BacMam-enabled Cellular Assays

Compared to other types of cellular assays, BacMam-enabled Cellular Assays reduce assay development time by minimizing the need to generate a stable cell line while also allowing choice of cellular background. Once cells are transduced with the BacMam reagent, LanthaScreen® technology is utilized for the readout. This assay format has a simple, “addition only” protocol requiring minimal hands-on time ( Figure 1)

Figure 1.  BacMam-enabled Cellular Assay work flow. Cells are treated with BacMam reagent encoding a GFP-fusion protein and plated in 384-well format. 24 hours post-transduction, the cells are stimulated to induce the posttranslational modification of the GFP-substrate (e.g. phosphorylation as shown). Cells are then lysed in the presence of a terbium anti-modification-specific antibody prior to the LanthaScreen® assay readout.

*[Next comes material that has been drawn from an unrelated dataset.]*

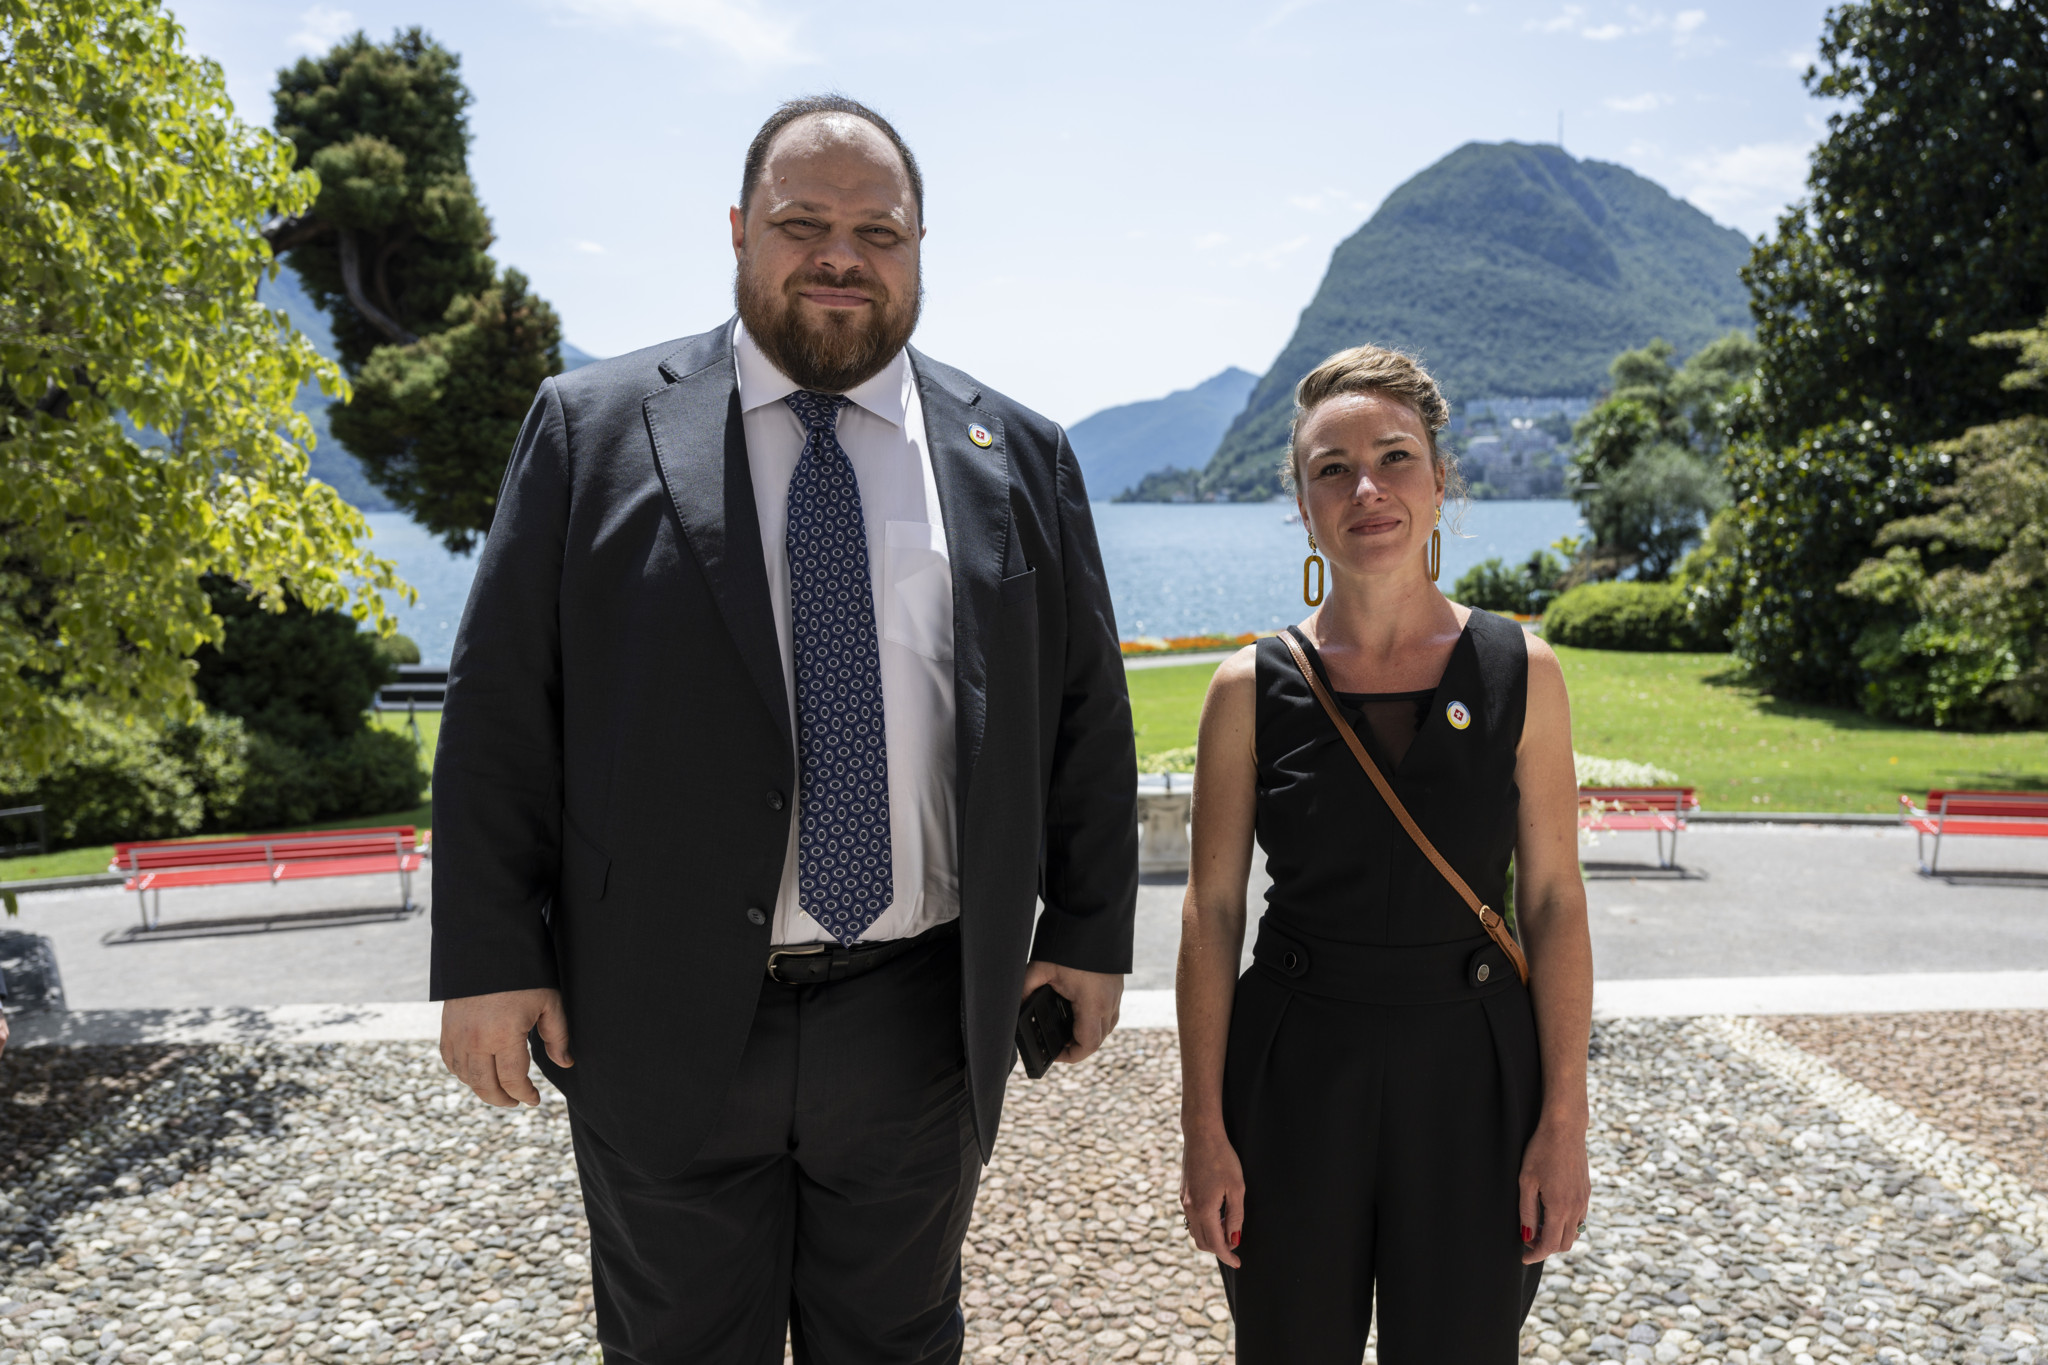 Ukrainian Speaker of the Verkhovna Rada, Ruslan Stefanchuk, left, and his Swiss counterpart, President of the National Council, Irene Kaelin, stand for a photo during the Ukraine Recovery Conference URC, Monday, July 4, 2022 in Lugano, Switzerland. The URC is organised to initiate the political process for the recovery of Ukraine after the attack of Russia to its territory. (KEYSTONE/EDA/Alessandro della Valle)
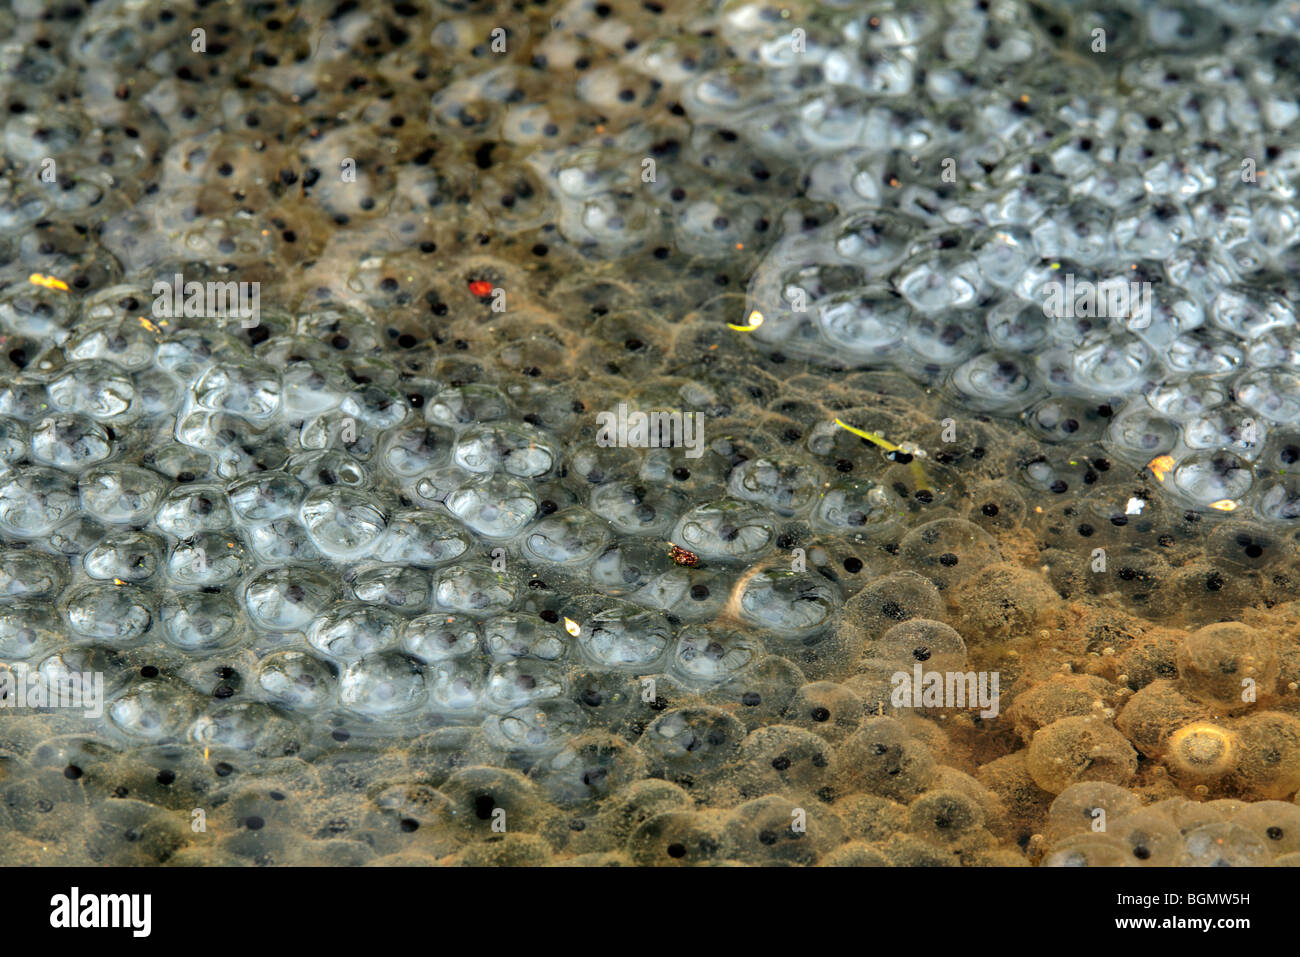 Common frog frogspawn (Rana temporaria) clump in pond Stock Photo

Cell types successfully transduced with BacMam reagents include numerous transformed cell lines (e.g. U2-OS, HEK 293, and HeLa), many primary cells (e.g., fibroblasts, endothelial, and epithelial cells), and stem cells (e.g. adipocyte derived and mesenchymal stem cells). These cells have been shown to be efficiently transduced without adverse affects (Figure 2).

For more information on BacMam compatible cell types, visit www.invitrogen.com/bacmam

Figure 2. BacMam-enabled Cellular Assays for detecting Histone H3 acetylation at Lysine 9 in various cell backgrounds. (A) 786-0; (B) U2-OS; (C) HCT-116. Cells were transduced with BacMam Histone H3 reagent and plated onto a 384-well assay plate in low-serum assay medium overnight. Cells were then treated with indicated amounts of trichostatin A (HDAC inhibitor) for 3 hours prior to performing the LanthaScreen® assay. All three assays had response ratios greater than 3.0. Similar results have been achieved for various cell types using BacMam-enabled Cellular Assays.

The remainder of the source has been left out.